Mais Niandra, je ne comprends pas exactement ton problème, as-tu comme J. Daik un seul écouteur fonctionnant sur les deux? Ou as-tu un problème genre un "grésillement"? J'ai ce pb avec mes écouteurs d'Ipod Touch. Mais je pense que le pb provient des écouteurs dans mon cas, et pas de l'Ipod. 
Bon courage à vous deux.


----------



## niandra (24 Juin 2010)

Désolée j'avais pas vu vos réponses... MERCI MERCI MERCI J.Daik pour ton récit!!! ENFIN j'ai cru que j'étais folle!!! Et bien non josé17 j'ai exactement le même problème que J.Daik... un seul écouteur fonctionnait sur deux, et si je bougeais un peu le connecteur ça fonctionnait parfois, parfois pas... Ben j'en ai un nouveau maintenant mais bon... jusqu'à quand..

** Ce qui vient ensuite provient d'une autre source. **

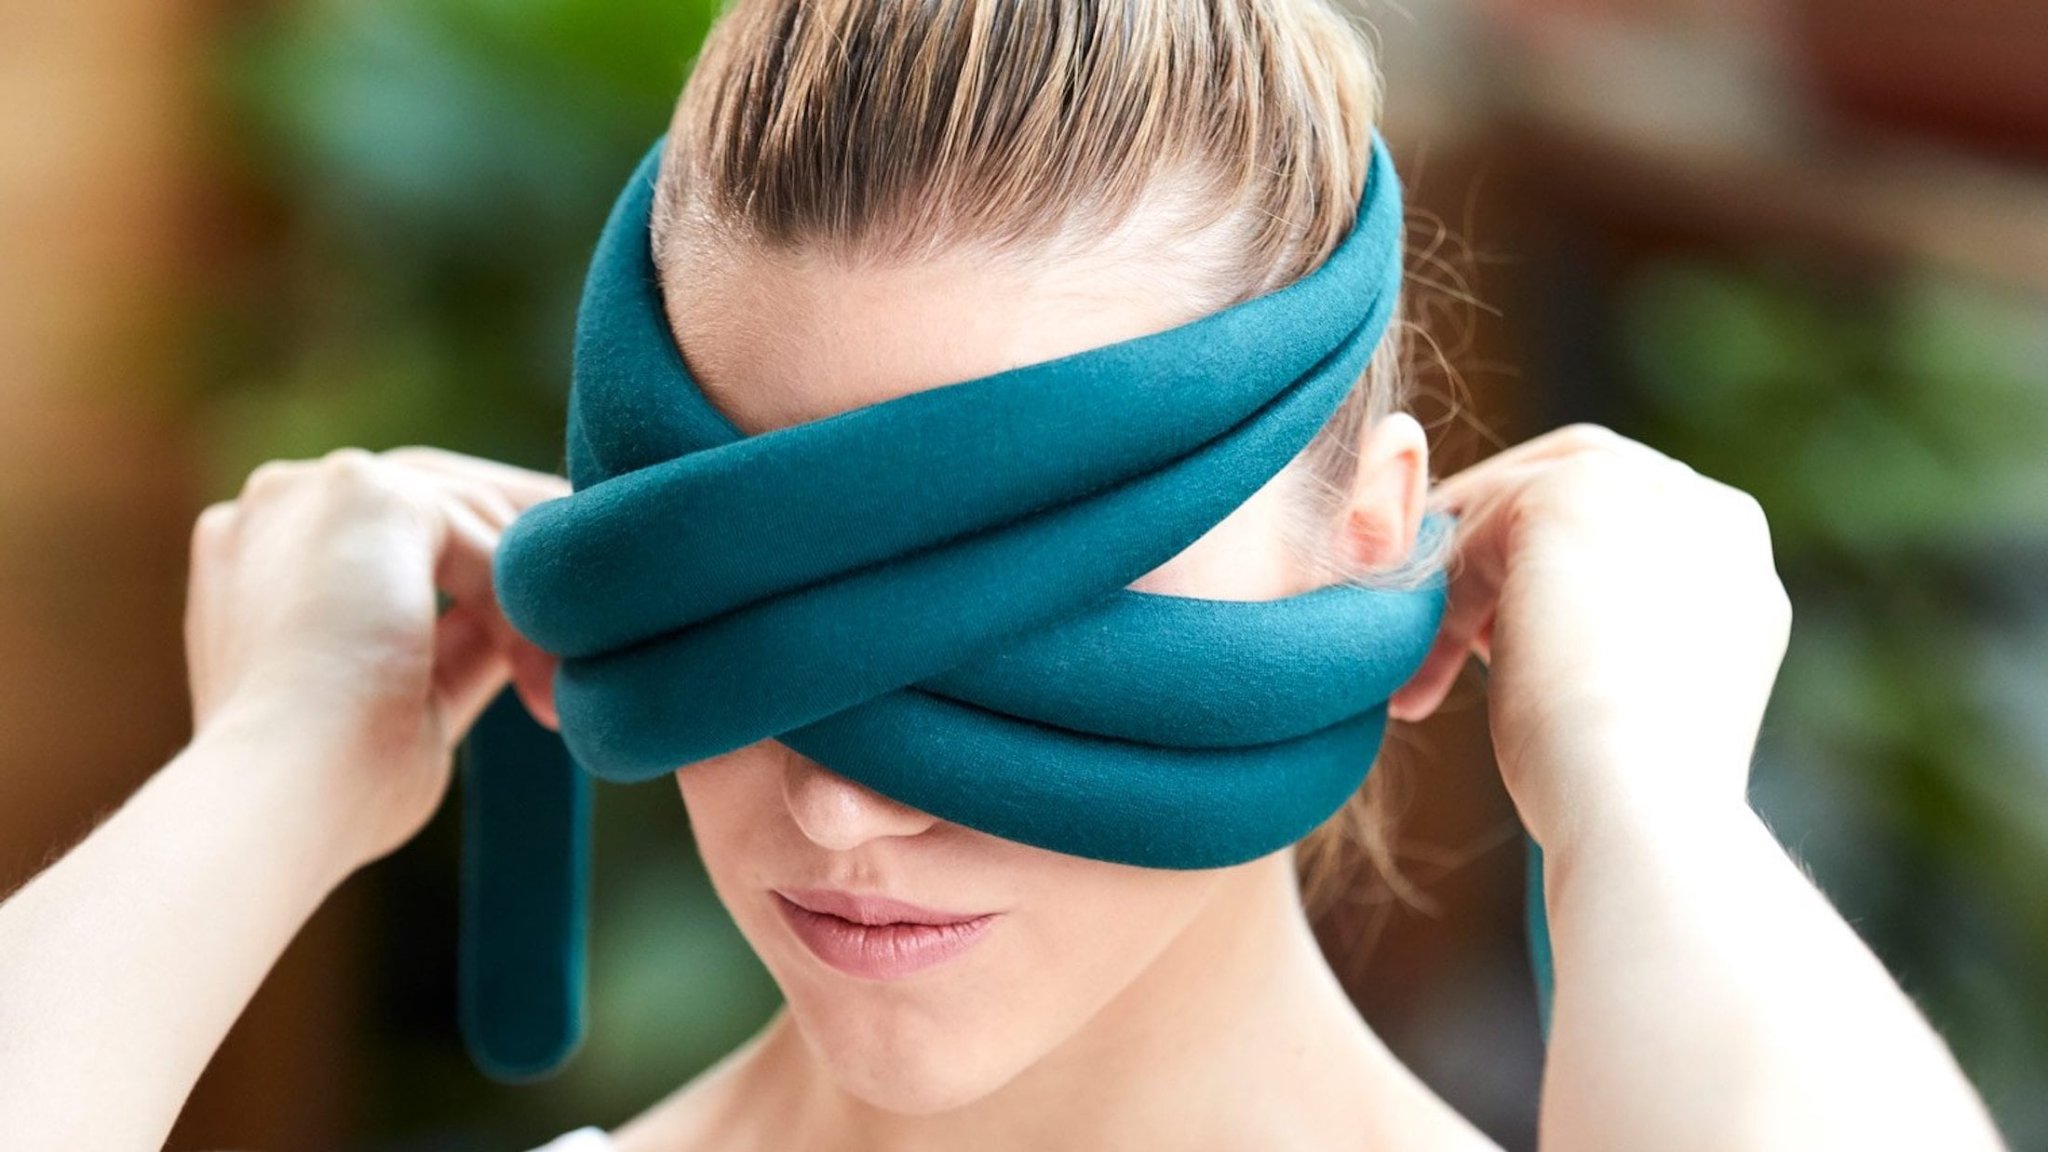 OSTRICHPILLOW LOOP Eye Mask Pillow wraps around your face to black out the world

Enfin je pense quand même que mes écouteurs y sont pour quelque chose... je pense qu'ils usaient la sortie audio plus que les merdes que donne apple avec l'ipod... donc voilà j'ai acheté des écouteurs un peu moins merdique et ou la prise jack est moins "grande". Je sais pas si je me fais comprendre? Désolée c'est dur à expliquer


----------